UK rents are set to grow by 12.0% over the next five years, according to the property firm Savills, as the market returns to more normal and predictable conditions.
Savills’ five-year rental forecast expects rental affordability to improve over the five-year period, as income growth remains relatively high and demand eases.
“The private rented sector has been uncharacteristically turbulent over the past few years. Rental growth at a macro-level is typically very closely linked to income growth, but that trend has been turned on its head in recent years, with growth peaking at 12% in the year to August 2022,” comments Emily Williams, director of research at Savills.
“As a result of this divergence, the average renter spent a third (32.4%) of their gross household income on rent in 2025 – up from 30.4% five years earlier. This marks the largest worsening in rental affordability since at least 2006, and probably since the early 1990s.
“However, as demand levels start to settle, our forecast indicates that conditions over the next five years are expected to return to more normal levels, with rents increasing at a rate between inflation and income growth. Any significant disruption to supply caused by the Renters Rights Act and other regulation of the market is the key risk to this outlook.”

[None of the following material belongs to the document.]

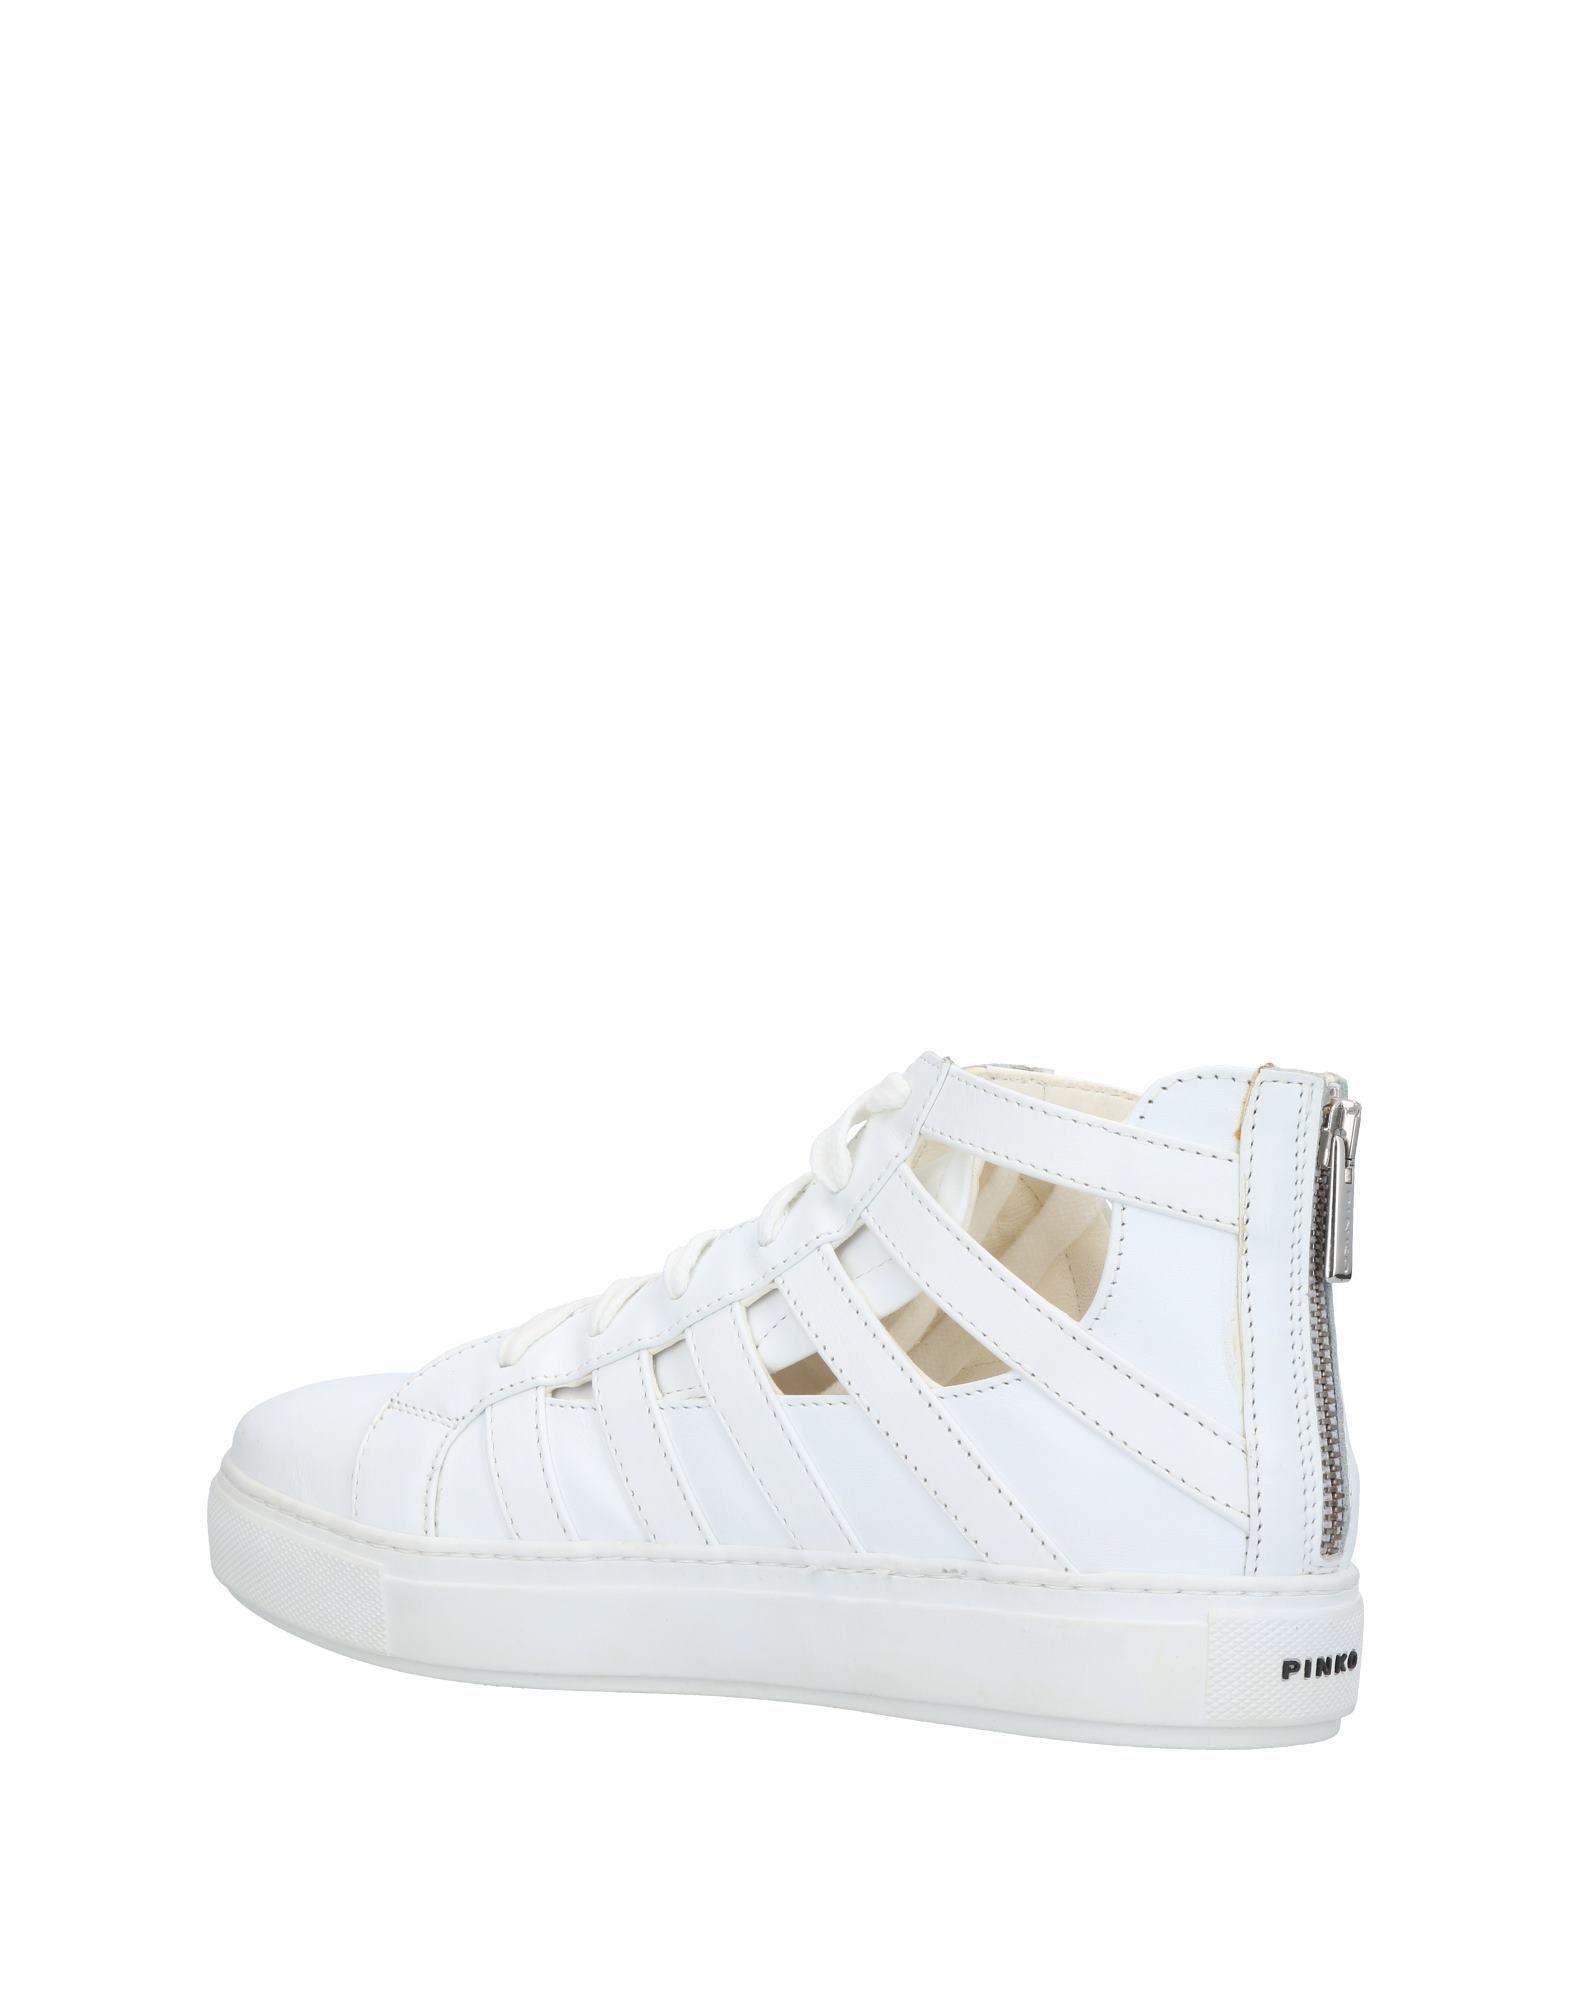 Pinko High-tops Et Chaussures De Sport WgORNZOt5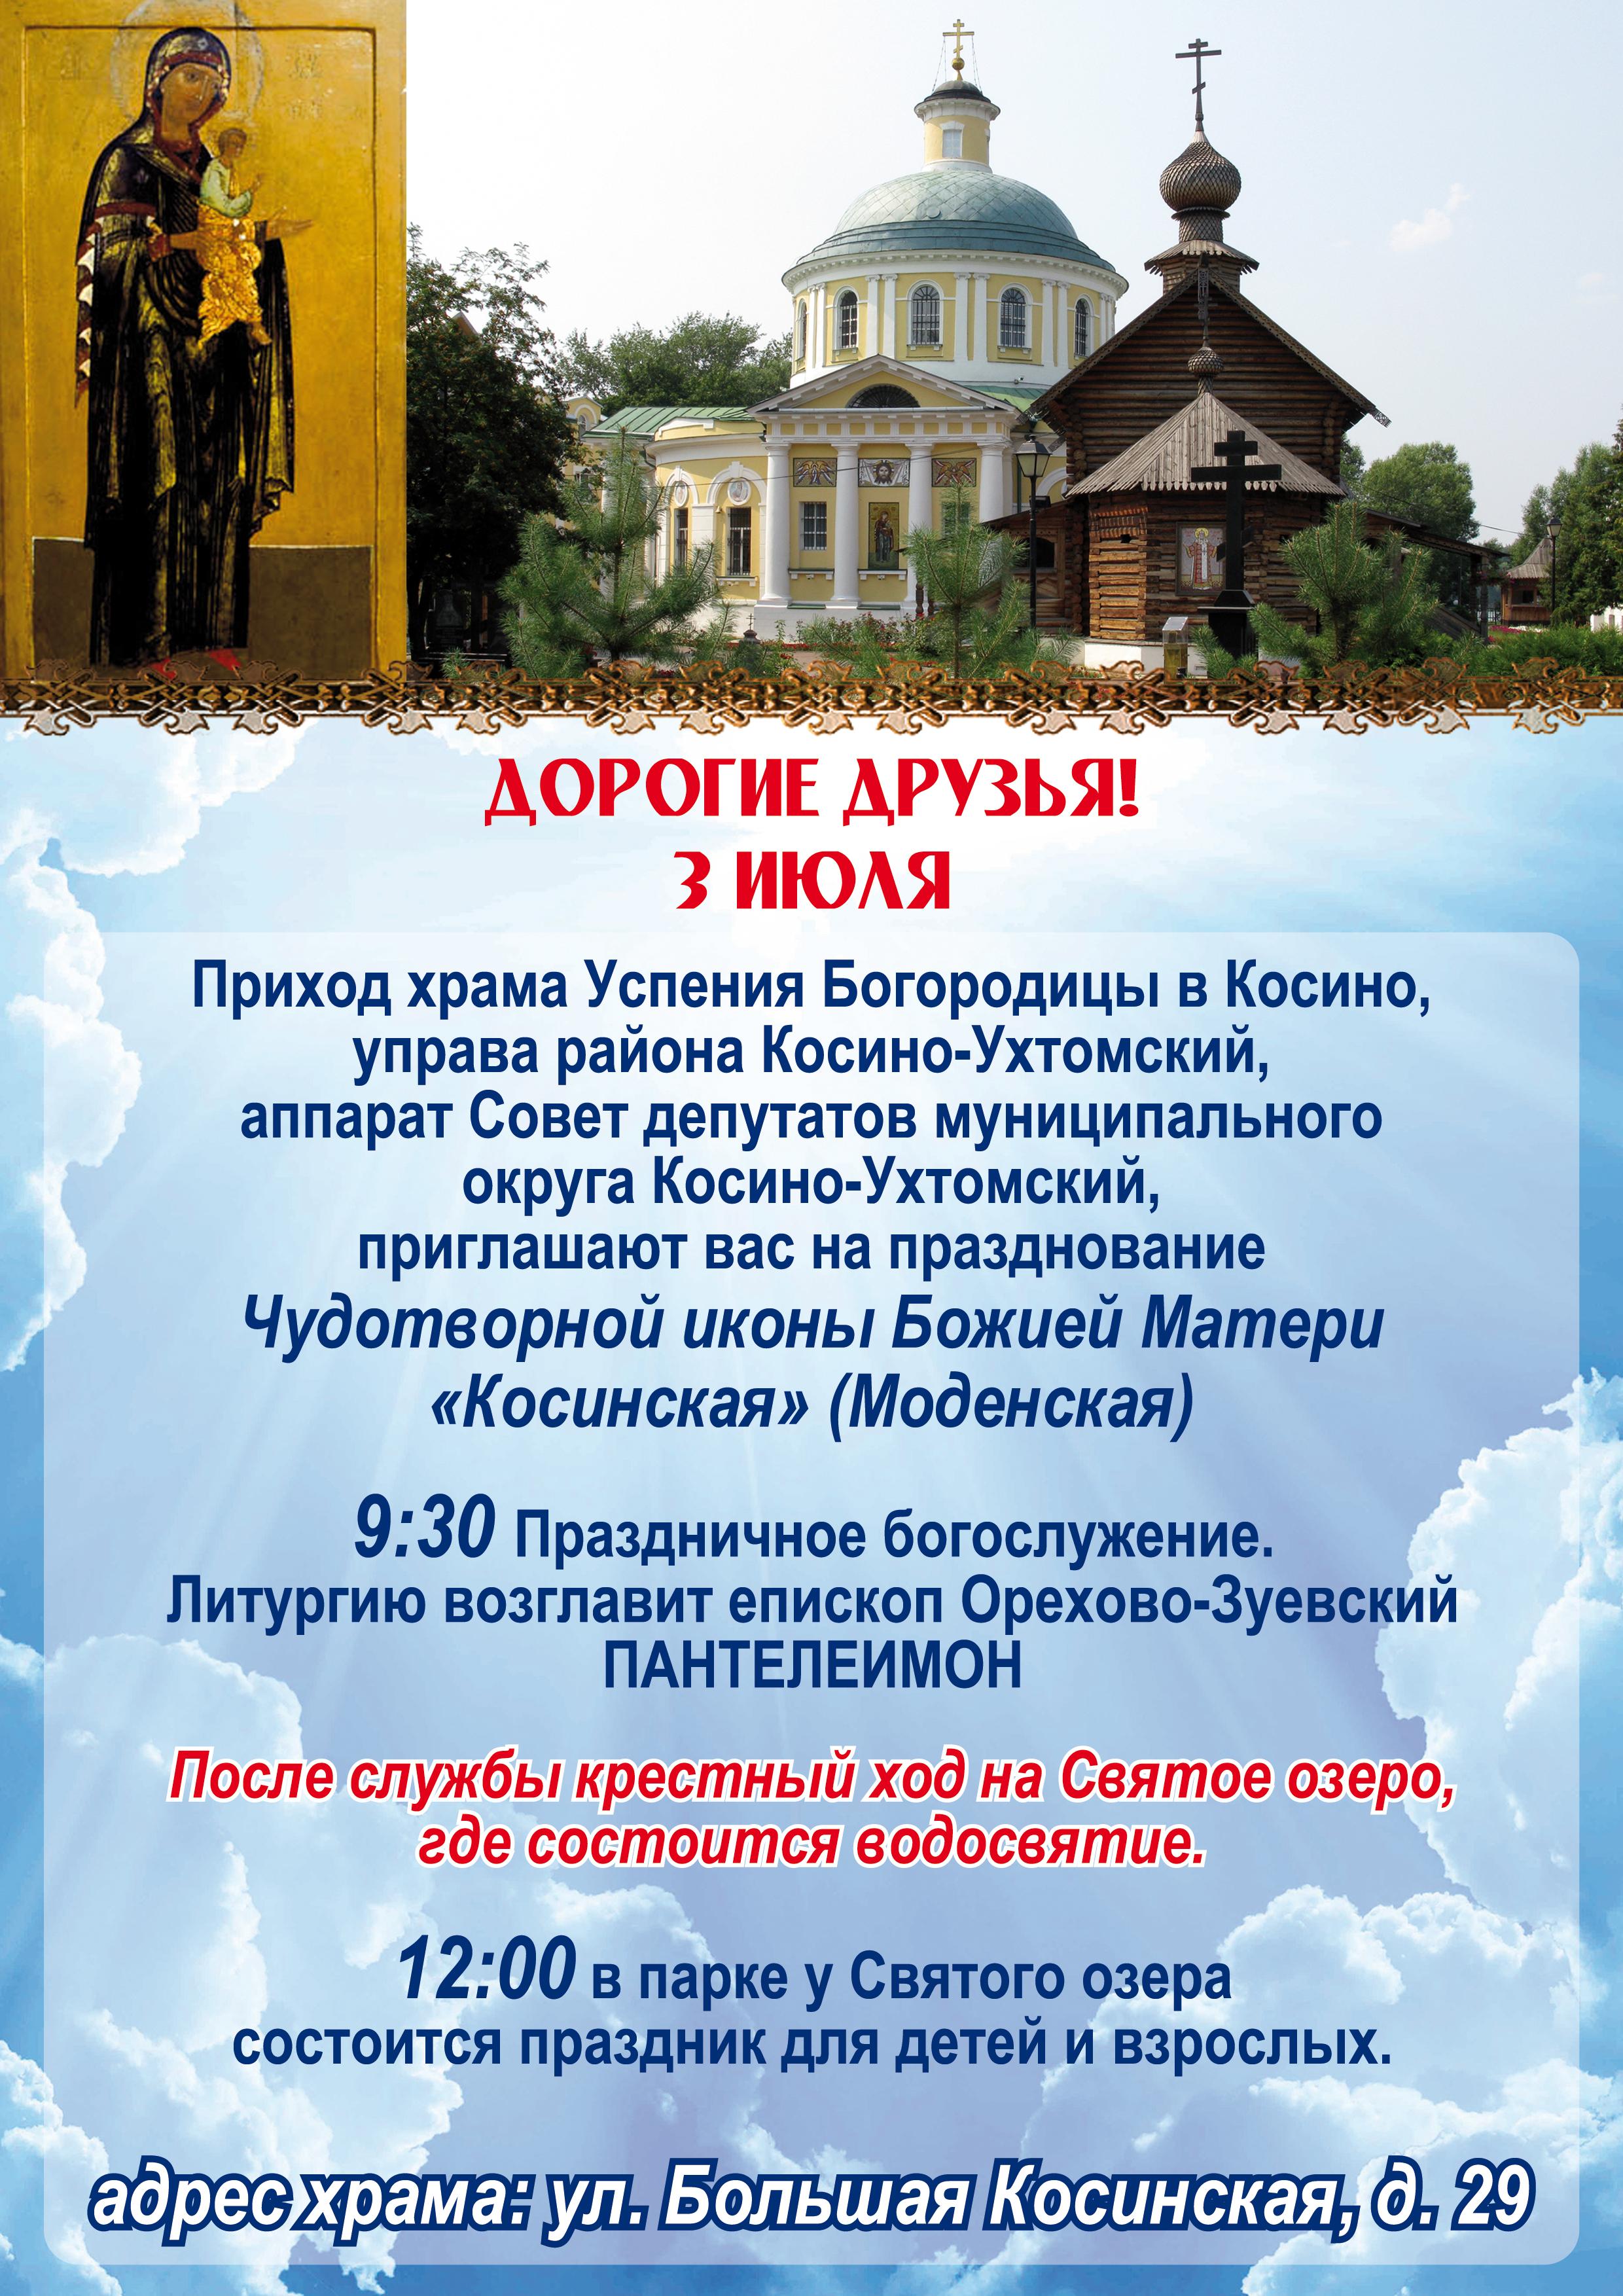 D0D0C715-C2EC-453A-9688-8FF85E9B1864

The UK rental market has faced persistent supply challenges over the past decade.
However, high demand has played an even more significant role. The RICS survey recorded unprecedented tenant demand between 2021 and 2023, due to a post-lockdown spike in activity and a sharp rise in net migration, which has resulted in 600,000 additional households over five years.
This influx equates to a 10% increase in demand within the private rented sector over just two years. Return to normal market conditions Savills’ forecast expects demand levels to fall back in line with the more normal market conditions of the 2010s.
This comes as first-time buyer numbers have also been elevated during 2025, thanks to easing lending rules, which have increased the flow of households out of the private rented sector, and net migration numbers have also eased.
According to HomeLet, the average rent as a share of income has declined from 33.4% at the end of 2023 to 32.4% in the third quarter of 2025, indicating an early movement back toward the long-term trend.
Over the next five years, Savills expects rents to continue to adjust accordingly, with growth anticipated to align between the rates of CPI inflation and household income growth.
“As it stands, the main risk to our forecast is the potential for another surge in net migration, or a major supply shock on a similar scale” continues Williams. “So far, the outflow of landlords from the private sector has been gradual, however, now that the Renters’ Rights Act is law, it is vital that being a landlord remains profitable and appealing. If investment into the sector shrinks further, we could see a supply-side shock to match the demand surge that has already made renting so difficult in recent years.”